ZnO/B-g-C3N4 Nanoplatelet/Nanosheet Heterostructures for the Electrochemical Detection of Metol in Real Sample Analysis

TL;DR: Researchers develop a low-cost electrochemical sensor using ZnO/B-g-C3N4 heterostructures for metol detection in real samples, achieving a low detection limit of 8.6 nM, high sensitivity, and excellent selectivity, with practical feasibility demonstrated in various environmental and biological samples.
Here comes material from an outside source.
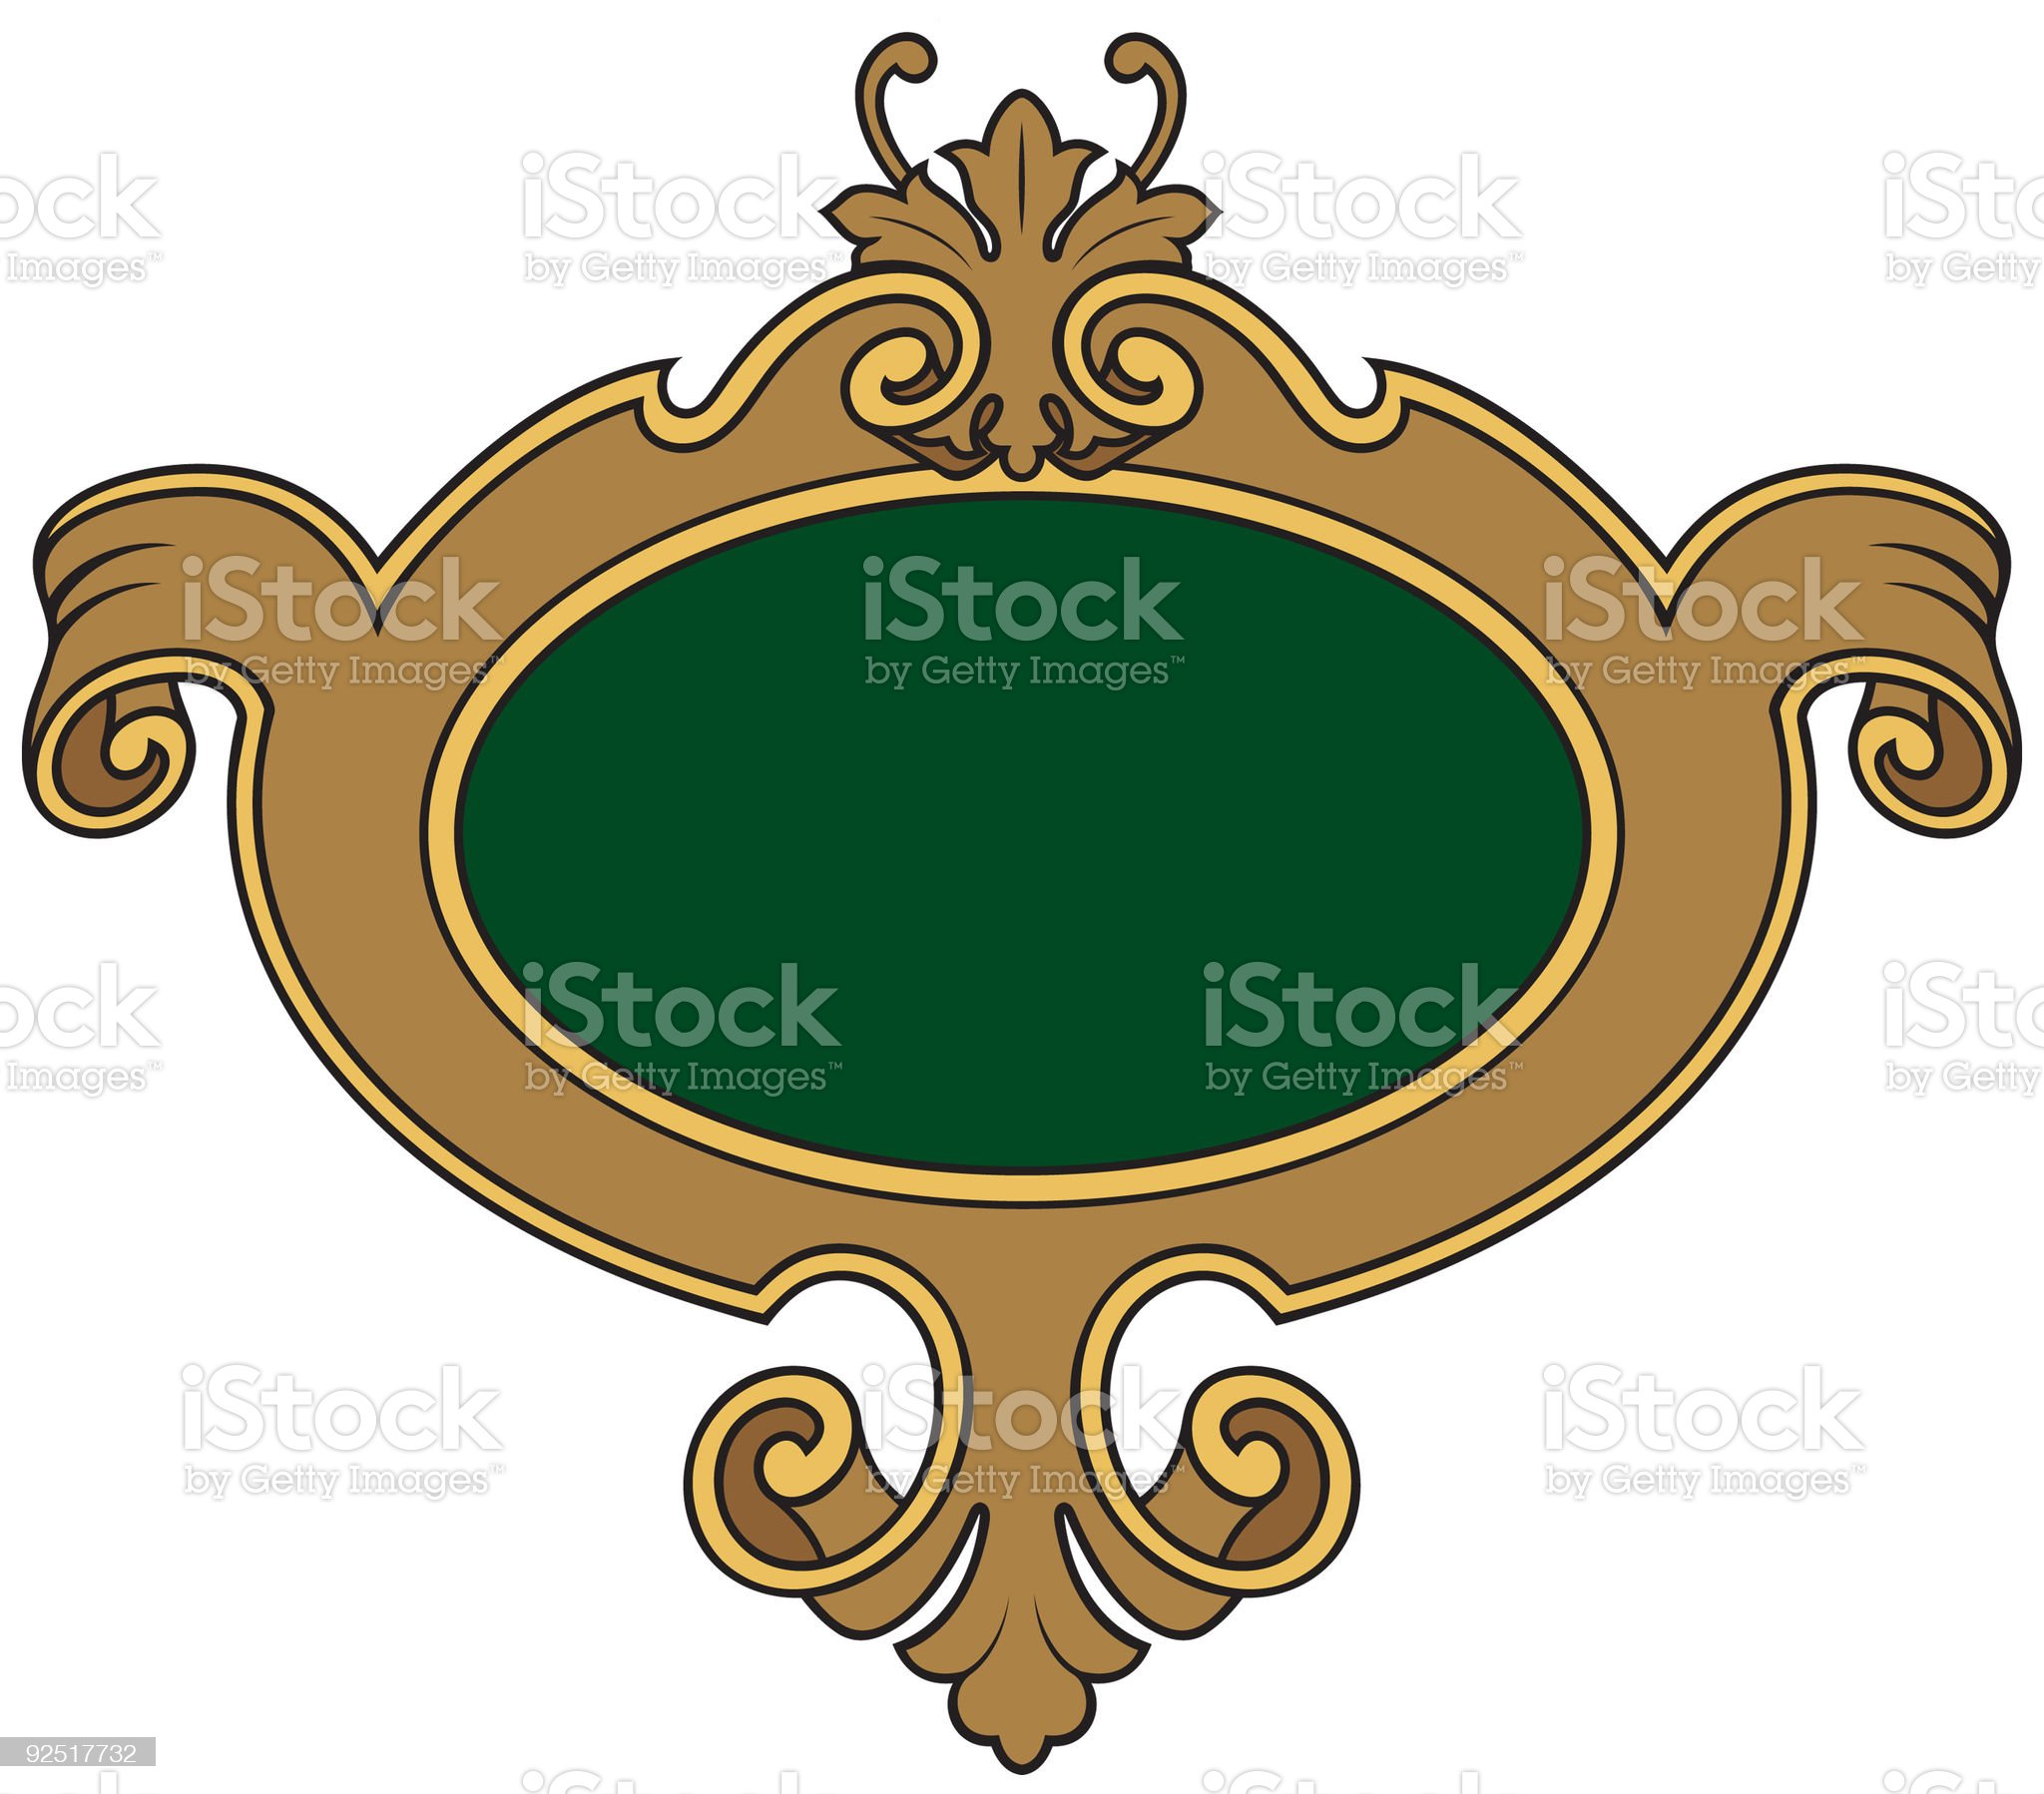 Shield 1571 royalty-free stock vector art

Abstract: One of the most important organic molecules is metol [4-(methylamino)phenol sulfate], which finds extensive usage in various applications as a monochromatic material. People, plants, and animals are all affected by it, and it raises serious environmental concerns. Developing a straightforward, quick, affordable, sensitive, and hands-on technique for metol determination in water bodies is of the utmost importance in the current scenario. A low-cost fabrication strategy is presented in this work for the synthesis of a zinc oxide nanoplatelet (ZnO) embedded into boron-doped carbon nitride nanosheet materials (ZnO/2D-BCN) utilizing a high-performance electrochemical sensor. The quantitative and qualitative information about the nanostructure of ZnO/2D-BCN were systematically analyzed further by using standard spectroscopic techniques such as XPS, XRD, FT-IR, EDAX, and Raman spectroscopy. 2D-nonstructural was observed to have a nanoplatelet/nanosheet through FE-SEM and TEM. Furthermore, electrochemical sensors’ performance was analyzed by using cyclic and differential pulsed voltammetry techniques. The fabricated ZnO/2D-BCN has peculiar intrinsic structural features, both connectivity and characteristic synergistic effect of B-dopants 2D-structure, which perturb mass transport with highly efficient electrochemical pathways. In addition, the electrochemical sensors of metol and its electrocatalytic mechanism were scrutinized further, which confirmed a fast electron transfer event. The as-prepared ZnO/2D-BCN exposed superior sensing conclusion through LOD (8.6 nM) in a wide-ranging linear 0.039–1617 (μM) as well as a remarkable sensitivity of 0.804 μA μM–1 cm–2. Additionally, other sensing parameters such as remarkable repeatability, electrodes’ reproducibility, materials’ stability, and a remarkable selectivity toward metol have been performed. Furthermore, the practical feasibility of as-made ZnO/2D-BCN/GCE has been inspected with biological and environment samples such as blood serum, human urine, river, pond, industry, and tap samples as a real sample, revealing excellent rational recovery outcomes.